If the system database’s schema is too old to allow compatibility mode, the server will not start. For more information, see Troubleshooting.

Manually trigger an upgrade of the system database
  1. On one of the cluster members, call the procedure dbms.upgradeStatus() to determine whether an upgrade is necessary:

    CALL dbms.upgradeStatus();
    +-------------------------------------------------------------------------------------------------------------------------+
    | status             | description                                                                | resolution            |
    +-------------------------------------------------------------------------------------------------------------------------+
    | "REQUIRES_UPGRADE" | "The sub-graph is supported, but is an older version and requires upgrade" | "CALL dbms.upgrade()" |
    +-------------------------------------------------------------------------------------------------------------------------+

    For the full list of possible status values, see Status codes for dbms.upgradeStatus.

  2. On one of the cluster members, perform the upgrade by calling the procedure dbms.upgrade() against the system database:

    CALL dbms.upgrade();
    +---------------------------+
    | status    | upgradeResult |
    +---------------------------+
    | "CURRENT" | "Success"     |
    +---------------------------+

    Since Neo4j uses a shared system database, the upgraded system database will replicate across the entire cluster. If the upgrade fails for some reason, the status will not change, and the upgradeResult field will describe which components have failed to upgrade.

Post-upgrade steps

The following steps must be performed after a rolling upgrade.

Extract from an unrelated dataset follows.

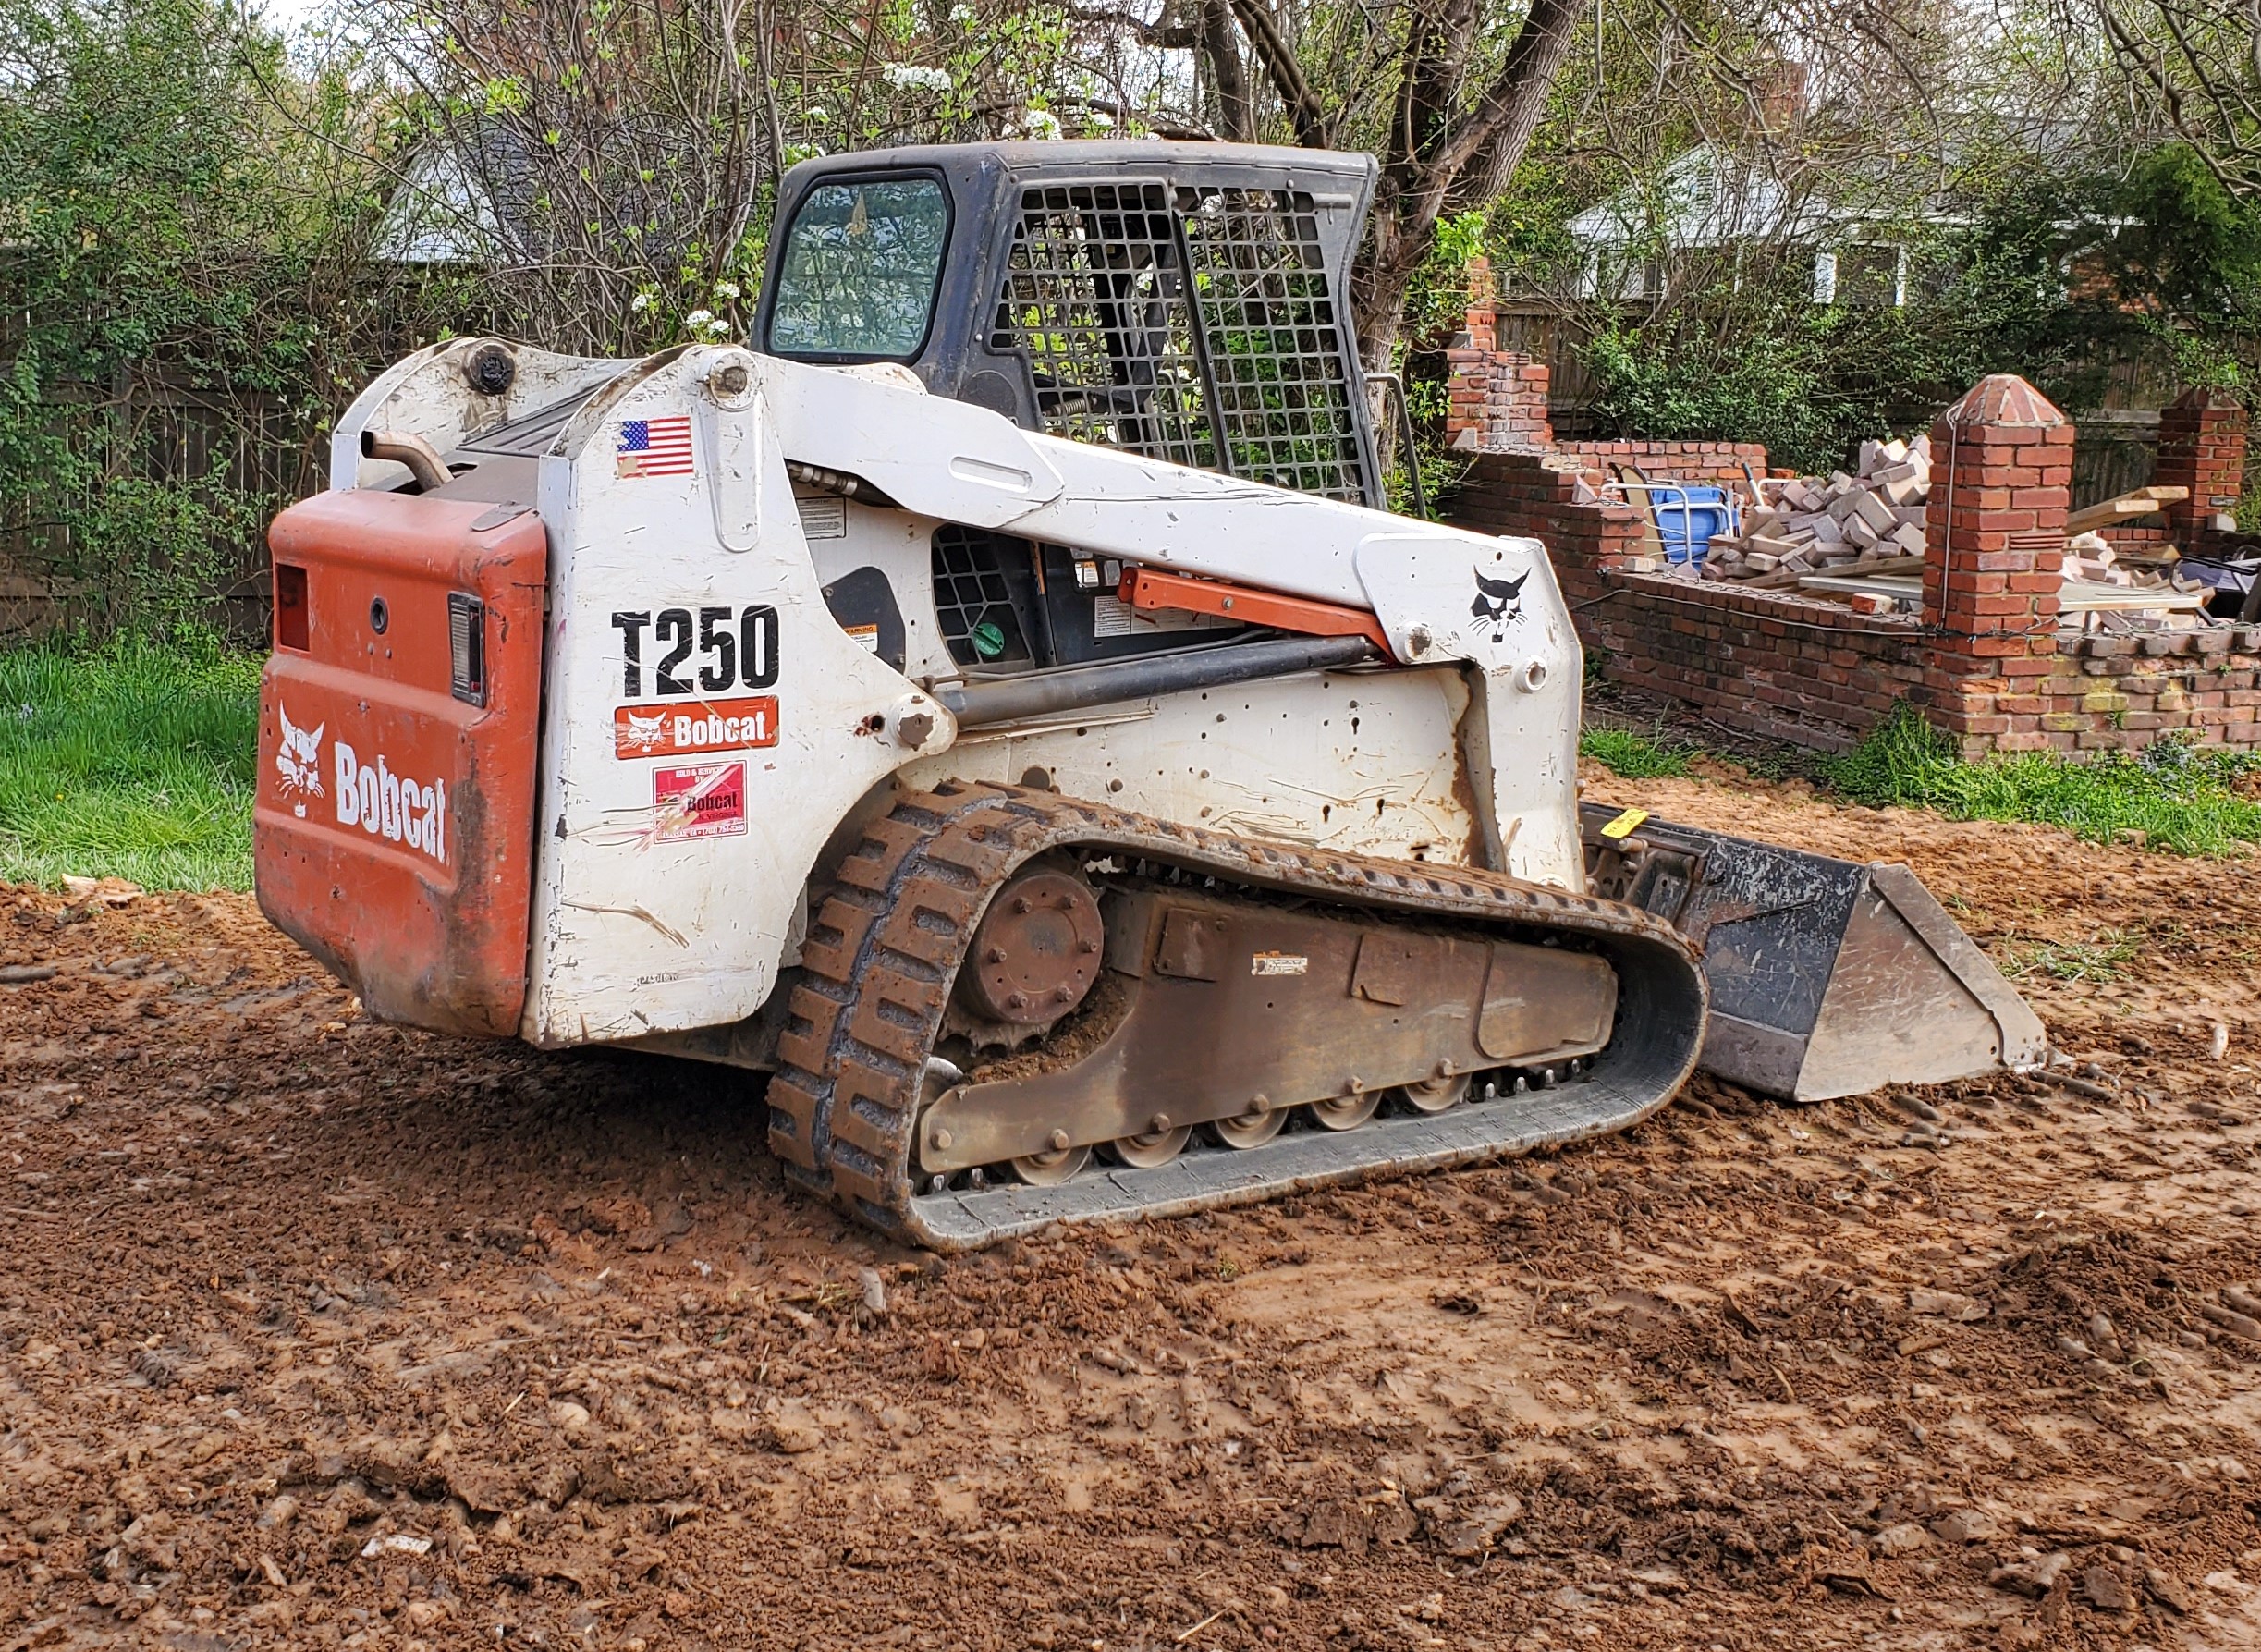 the dirt connections bobcat rental near me can load full size dump trucks

  1. Restore the privilege of the PUBLIC role to stop databases:

    REVOKE DENY STOP ON DATABASE * FROM PUBLIC
  2. Restore the privilege of the PUBLIC role to create and drop databases:

    REVOKE DENY DATABASE MANAGEMENT ON DBMS FROM PUBLIC
  3. (Optional) If you have started offline databases during the preparation phase for a rolling upgrade, you stop each of them to restore them to the original state:

    STOP DATABASE [database-name]
  4. (Recommended) Perform a full backup, using an empty target directory.

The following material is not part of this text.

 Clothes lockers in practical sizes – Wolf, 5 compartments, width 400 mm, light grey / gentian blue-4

Rolling upgrade for cloud infrastructure

This variant is suitable for deployments that use replaceable cloud or container resources. It follows the same steps as for the fixed number of servers, but you can add the new members before you shut down the old ones, thus preserving the cluster fault tolerance level. Because Read Replicas are not part of the cluster consensus group, their replacement during the upgrade will not affect the cluster availability and fault tolerance level. However, it is still recommended to incrementally add Read Replicas for a structured and maintainable upgrade process.